Entre dunas, surf, memoria y conservación marina, Inkaterra Cabo Blanco marca el regreso internacional de una de las costas más míticas del Perú y devuelve a Cabo Blanco al mapa de los grandes viajes del Pacífico sur.
Hay lugares que parecen guardar el tiempo entre el viento y las olas. Cabo Blanco es uno de ellos. Durante décadas, este rincón del norte peruano fue territorio de pescadores, surfistas y viajeros que llegaban atraídos por la fuerza salvaje del Pacífico. Hoy, esa costa legendaria vuelve a ocupar titulares internacionales gracias a Inkaterra Cabo Blanco, recientemente incluido en la prestigiosa Hot List 2026 de Condé Nast Traveler.

Pero más allá del reconocimiento, lo que ocurre aquí tiene algo de reencuentro. Cabo Blanco no busca convertirse en un destino artificialmente perfecto. Su esencia sigue intacta: playas inmensas, dunas doradas, tardes de viento tibio y un océano que parece extenderse hasta el infinito.
La arquitectura del hotel entiende bien esa lógica. Construido con arena compactada, bambú y madera recuperada, el proyecto parece surgir naturalmente del paisaje costero. Nada interrumpe la vista. Nada intenta imponerse sobre el entorno. El verdadero lujo aquí no está en el exceso, sino en el silencio, en la inmensidad y en esa sensación cada vez más rara de llegar a un lugar todavía auténtico.

No es casualidad que Ernest Hemingway encontrara inspiración en estas aguas décadas atrás. Cabo Blanco siempre tuvo algo de frontera indómita: un escenario donde convergen el desierto y el mar, las corrientes tropicales y la tradición pesquera del norte peruano.
Hoy, la propuesta de INKATERRA apuesta por una mirada distinta del turismo. Más conectada con la conservación, las comunidades locales y el respeto por el ecosistema marino. El proyecto impulsa empleo en la zona, iniciativas ambientales y experiencias que acercan al visitante a la identidad viva del territorio: pesca artesanal, surf, navegación al atardecer y travesías en el histórico Miss Texas, donde alguna vez navegó Hemingway.

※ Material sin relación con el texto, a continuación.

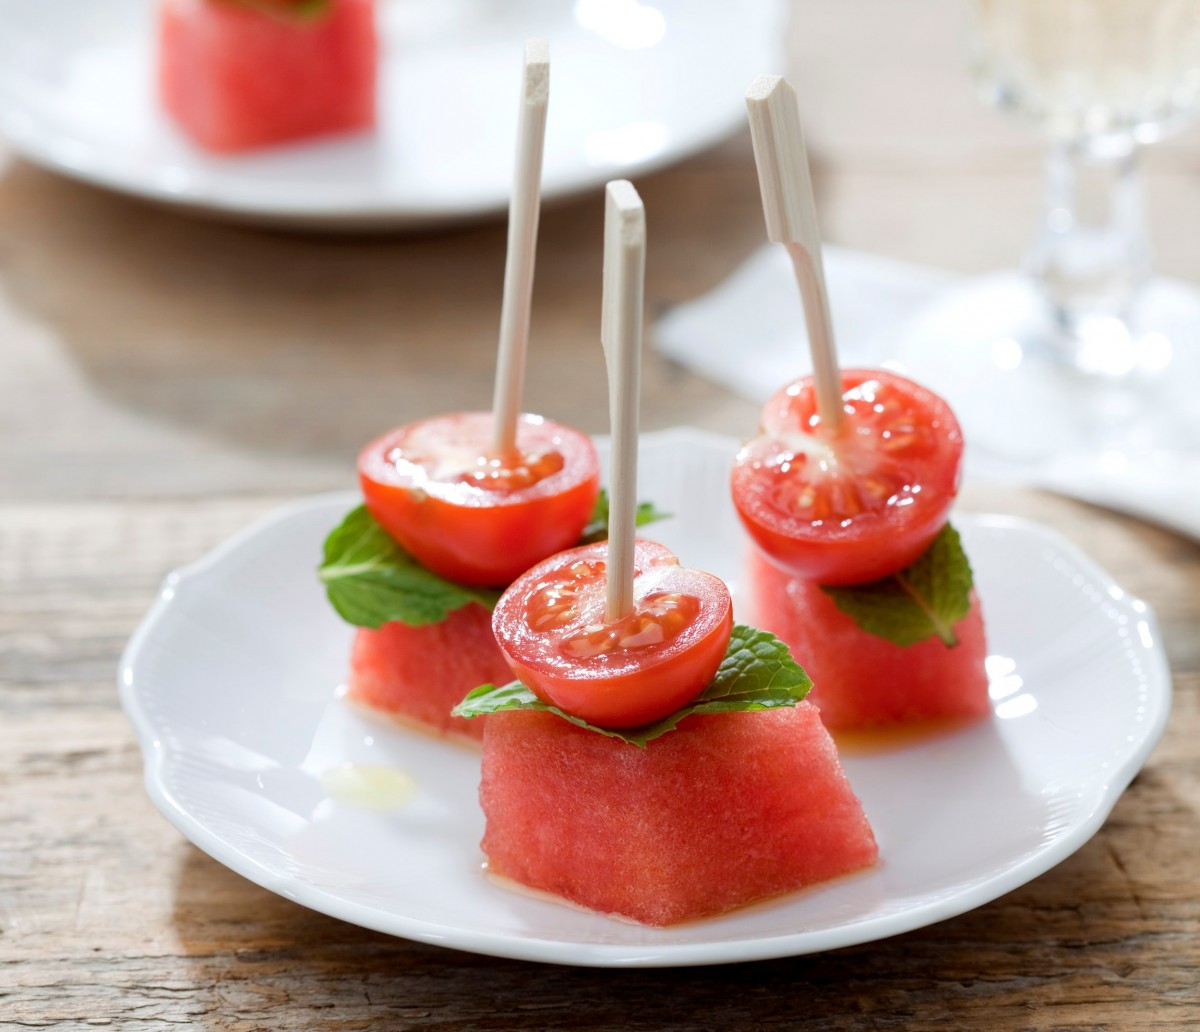 Cherry tomato, watermelon and mint tapas

Para José Koechlin, este reconocimiento internacional confirma una visión construida durante décadas: demostrar que el turismo puede convertirse en una herramienta de conservación y desarrollo sostenible.
La inclusión en la Hot List 2026 llega además en un momento simbólico para la marca, que celebra medio siglo de trayectoria consolidando experiencias de hospitalidad ligadas a la naturaleza y la cultura peruana.

Mientras muchos destinos del mundo luchan por recuperar autenticidad, Cabo Blanco parece haber entendido algo esencial: no necesita reinventarse para fascinar. Solo necesita volver a ser descubierto.

Detrás de esta visión se encuentra José Koechlin, pionero del turismo sostenible en el Perú y una de las figuras más influyentes en la conservación vinculada al viaje y la naturaleza. Desde hace más de cinco décadas, su propuesta ha buscado demostrar que el turismo puede generar desarrollo sin perder conexión con el entorno, integrando biodiversidad, cultura local y experiencias auténticas en algunos de los paisajes más emblemáticos del país.